First I'll define type-tag soundness,
 then I'll explain what it means for soundness to have a cost,
 and finally I'll share what we learned about the cost of type-tag
 soundness in Reticulated, which is a gradual typing system for Python,
 and why we think tag soundness might be a good "gateway drug" to get JavaScript
 developers to start caring about soundness.


#### Tag Soundness

To introduce type-tag soundness, let's first review type soundness.
A type soundness theorem says:
 if an expression is well-typed, then the evaluation of the expression will
 either end in a well-typed value,
 diverge,
 or end in an error state, where "Error" here represents
 a clearly-defined set of ways that a well-typed program can go wrong.

Type soundness is useful because it provides two guarantees:
 (1) a well-typed program never has undefined behavior,
 and (2) the static type of an expression predicts the type of the value
 that it reduces to.
This second point makes it possible to use types to reason about complex program behaviors.

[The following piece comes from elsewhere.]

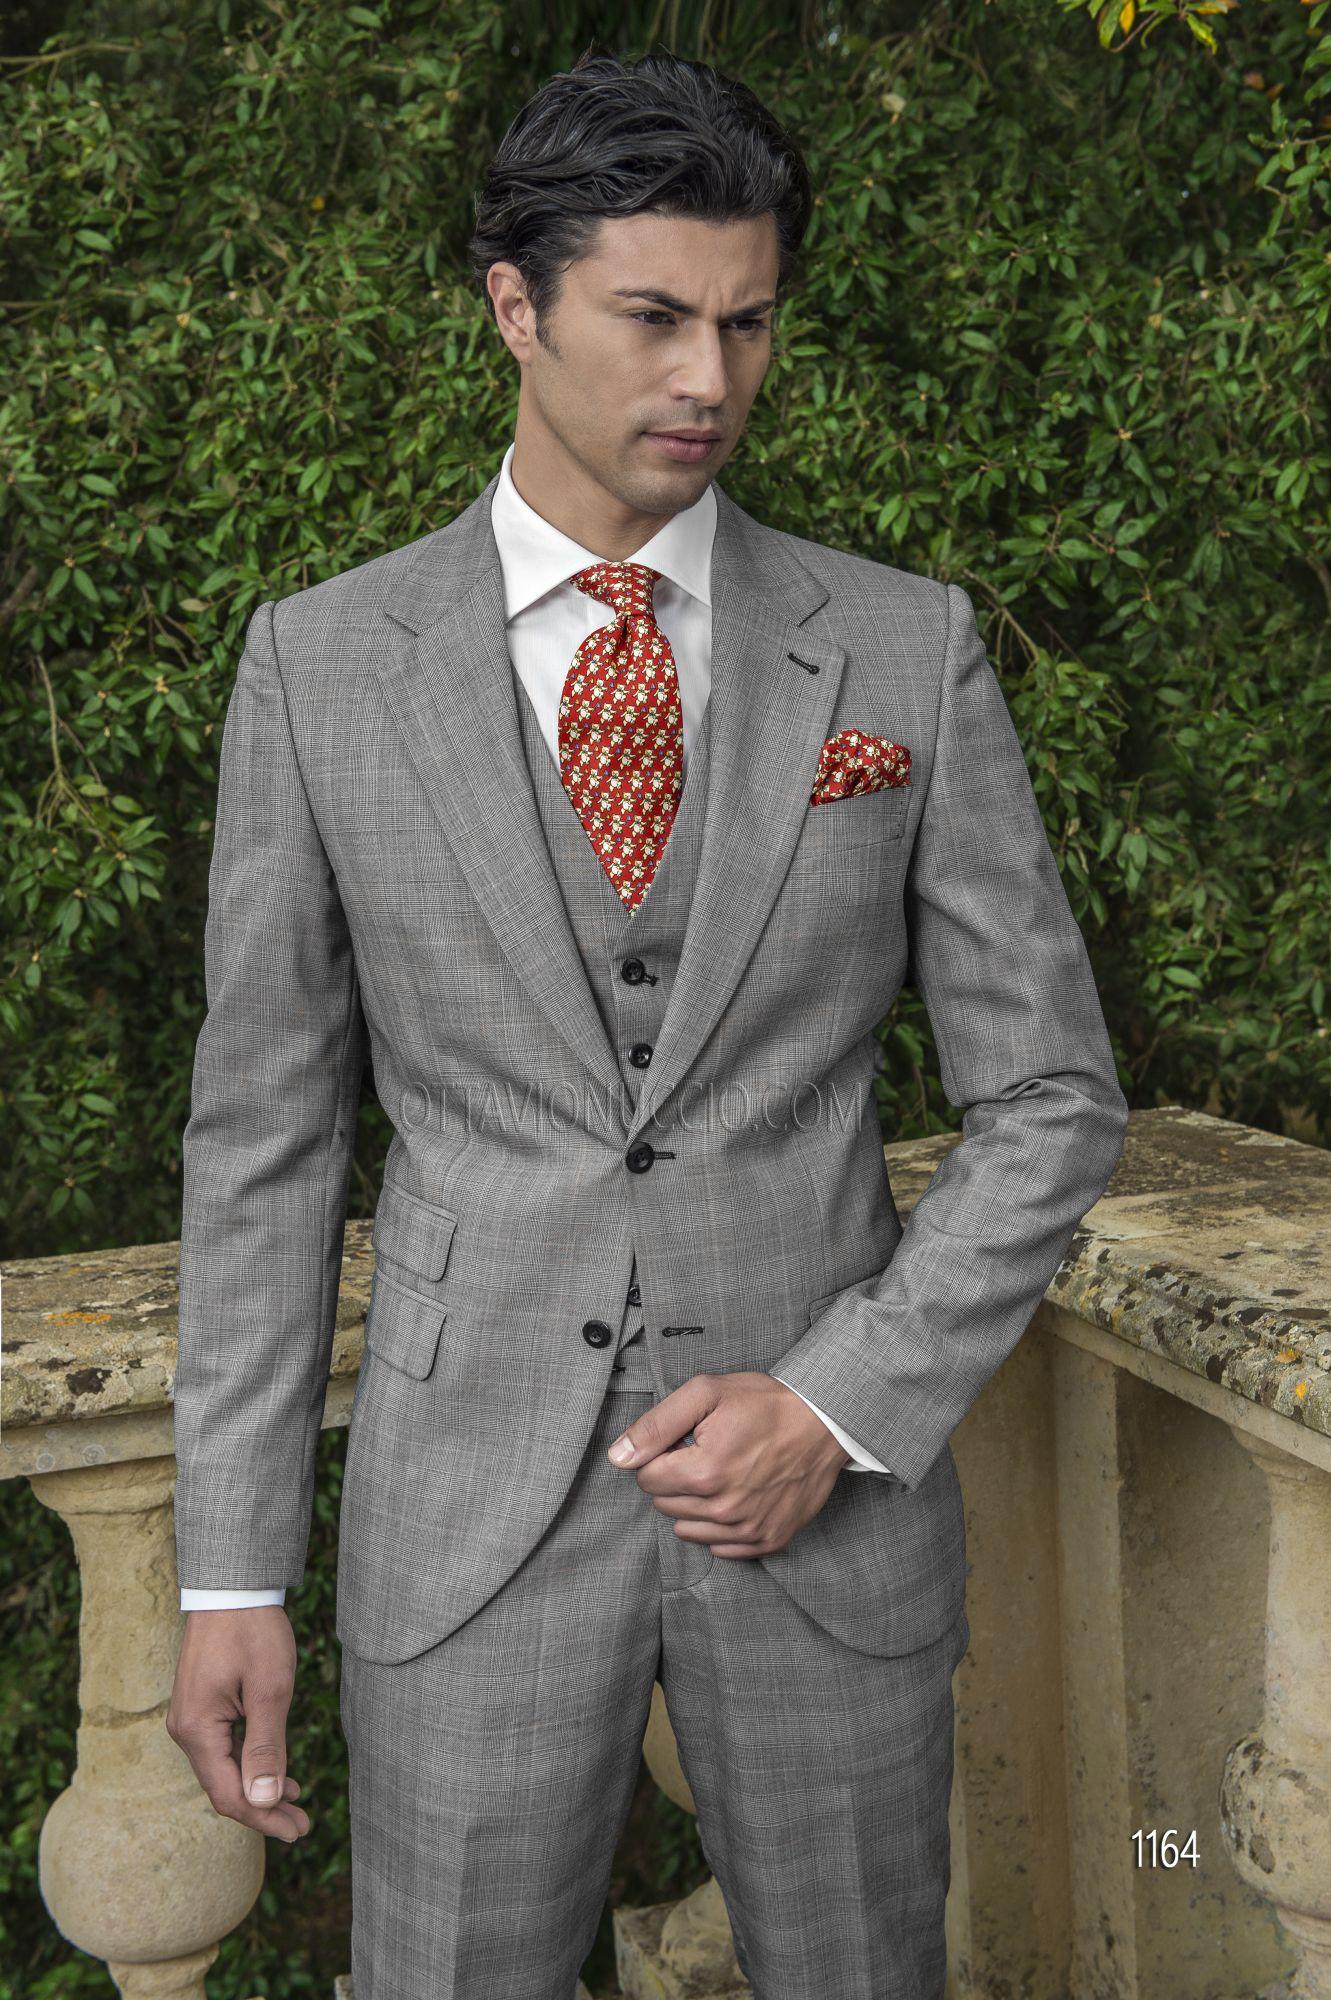 ONGala 1164 - Abito sposo uomo in misto lana Principe di Galles grigio 2b38931550b

To move from type soundness to tag soundness, we weaken the first clause.
Instead of returning a well typed value, tag soundness guarantees a well-tagged
 value, where a tag expresses a basic property about the shape of value.
I think of it as, the tag of a type is its top-level type constructor.

The rest of the statement of type-tag soundness is similar:
 a well-typed program might diverge
 and it might end in some kind of acceptable error.

To give an example of the difference between types and tags,
 if an expression is statically typed as a pair of integers,
 type soundness guarantees that the expression can only reduce to
 a pair of integers.
Tag soundness guarantees a pair, but nothing more.
It might be a pair of integers, and it might be any other kind of pair.

Clearly tag soundness is a weaker theorem.
It is less clear why you would want such a theorem.
The reason is performance, to illustrate we need to focus on the reduction
 relation that so far we've glossed over.

Suppose instead of one true reduction relation
 you have two arrows where one is more efficient than the other (so of course the faster one is better),
 and suppose you don't know how to prove type soundness for the efficient
 reduction relation.
In this case tag soundness lets you trade safety for speed.

I should point out that the static type checking for type soundness
 and tag soundness can be the same.
You can use the same static type checker for each;
 moving to tag soundness just affects the quality of runtime errors
 and your ability to use types to reason about behavior.

Next: I want to go into detail about how this scenario can come about.
To do that I need to explain what I mean by the performance cost of soundness.


#### Performance cost of soundness

So the cost I have in mind comes about when a statically typed program interacts,
 at runtime, with some thing that is outside the domain of the static type checker.
Here "e-tau" is a statically typed program
 and the question-mark represents an external source of values.

Gradual typing is a perfect example of this kind of interaction.
A statically typed expression might receive a dynamically typed value at runtime.

But this "outside world" problem is not unique to gradually typed languages,
 it affects almost any language with a notion of type soundness.

For example, if the language includes a function `read` that accepts keyboard input
 from a user, the user acts an un-checked source of data.
Similarly, if the language has a function for de-serializing a value from a file
 or a port, that byte stream is an un-checked source of values.
Another example, of course, is calls through a foreign function interface,
 and this includes calls to the runtime system.
When you invoke a primitive operation, like addition, you're interacting
 with a low-level language and hoping that it returns a well-typed value.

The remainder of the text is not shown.